### What you have to do
Leave out any picture and return the remaining listing below exactly as given.

### Data extract
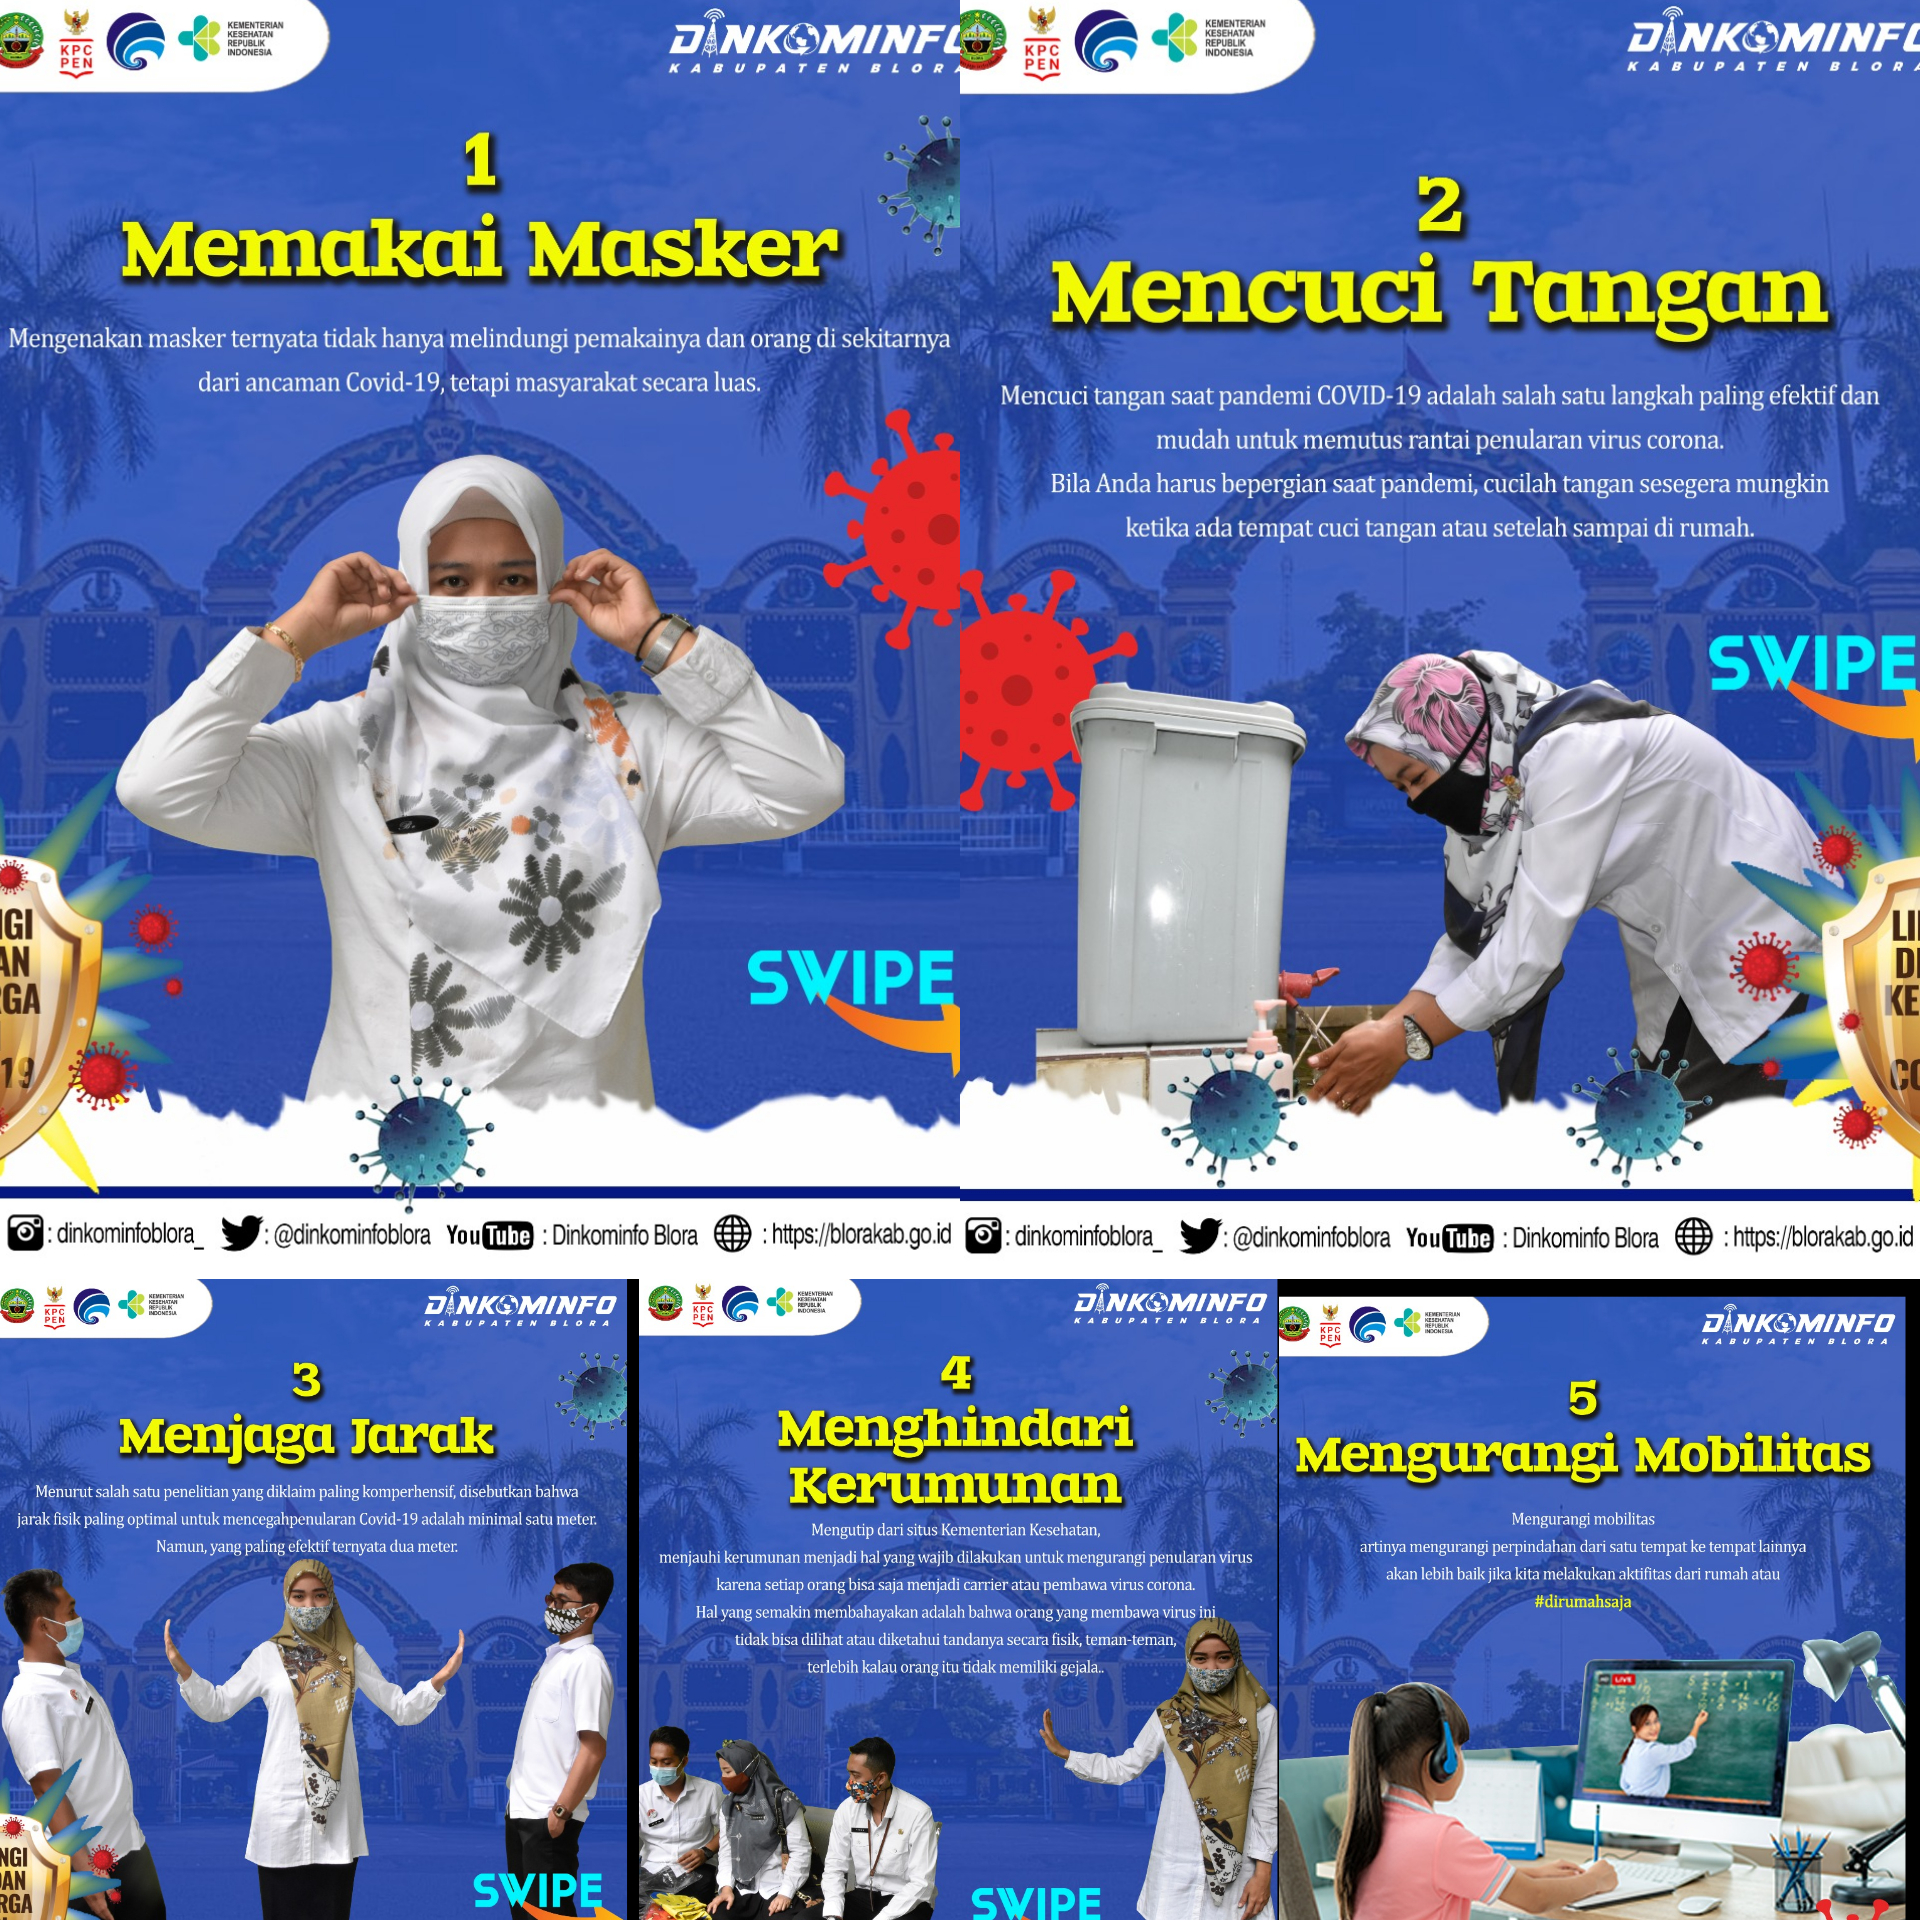 Menjaga 5M, pesan dari sahabat SMP Karang Arum
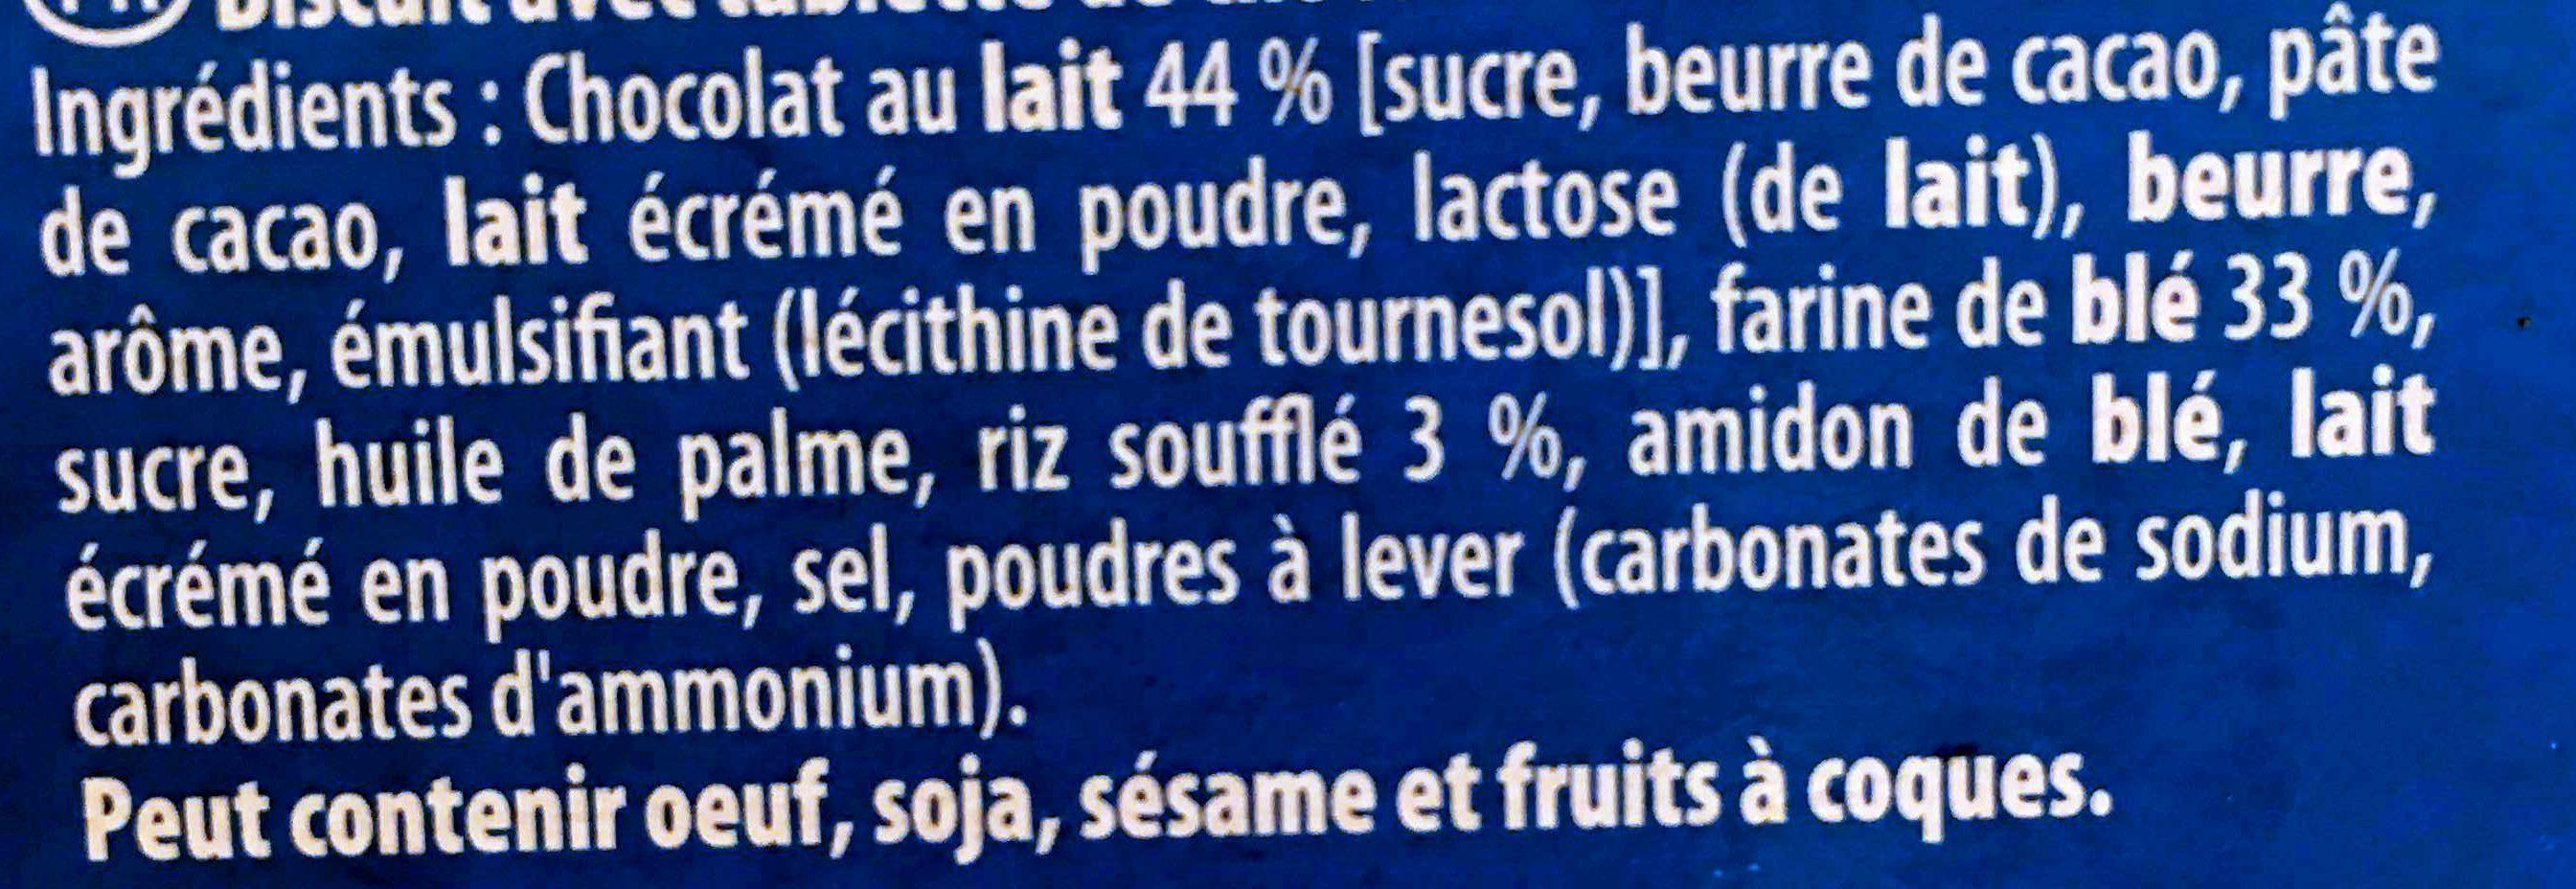 Petit écolier barres riz soufflé - Ingrediënten - fr
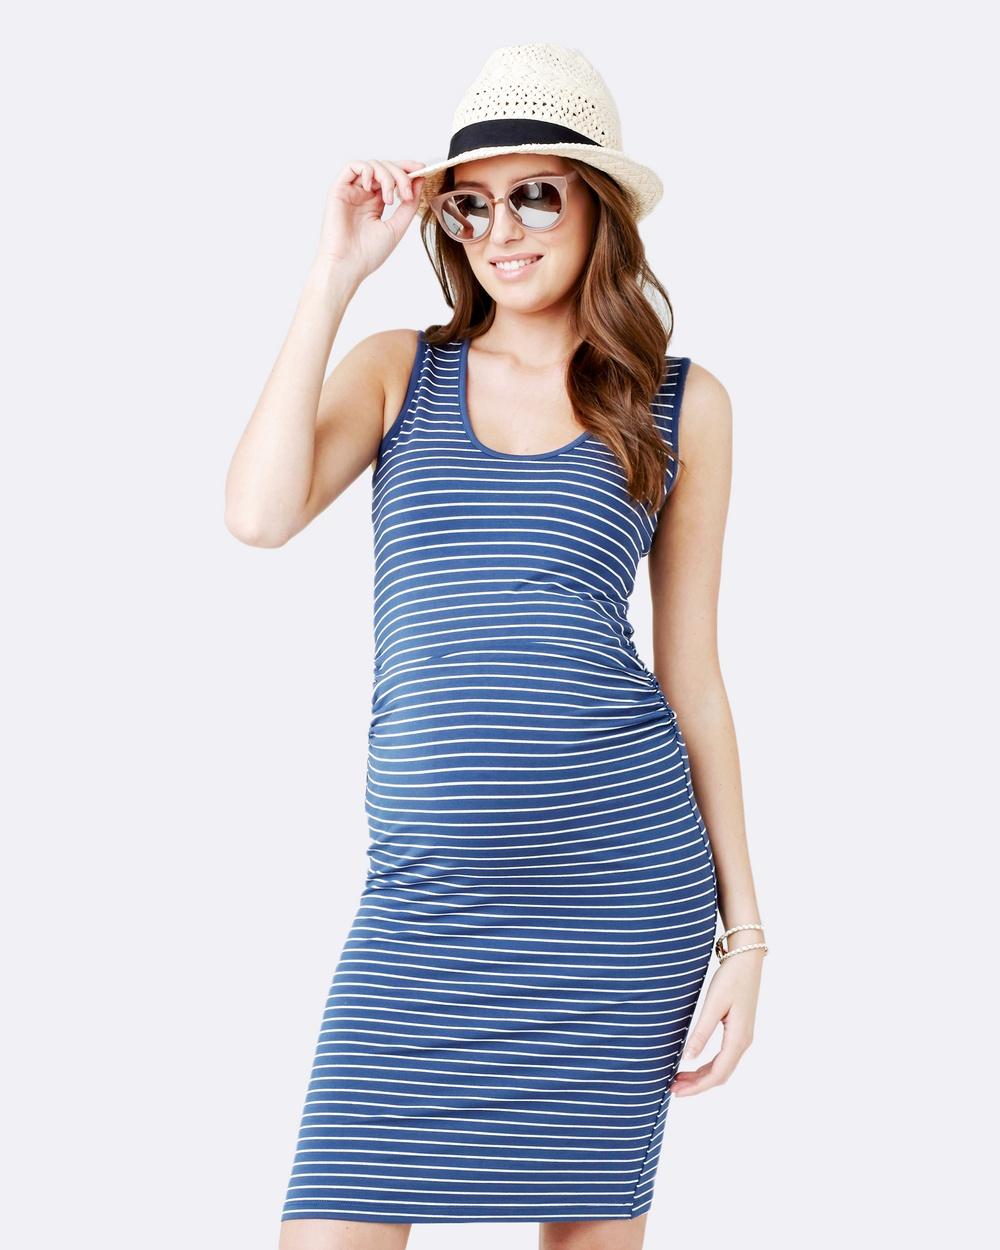 Ripe Maternity Mia Stripe Tank Dress Bodycon Dresses Washed Indigo Mia Stripe Tank Dress

### Finished task
 Menjaga 5M, pesan dari sahabat SMP Karang Arum
 Petit écolier barres riz soufflé - Ingrediënten - fr
 Ripe Maternity Mia Stripe Tank Dress Bodycon Dresses Washed Indigo Mia Stripe Tank Dress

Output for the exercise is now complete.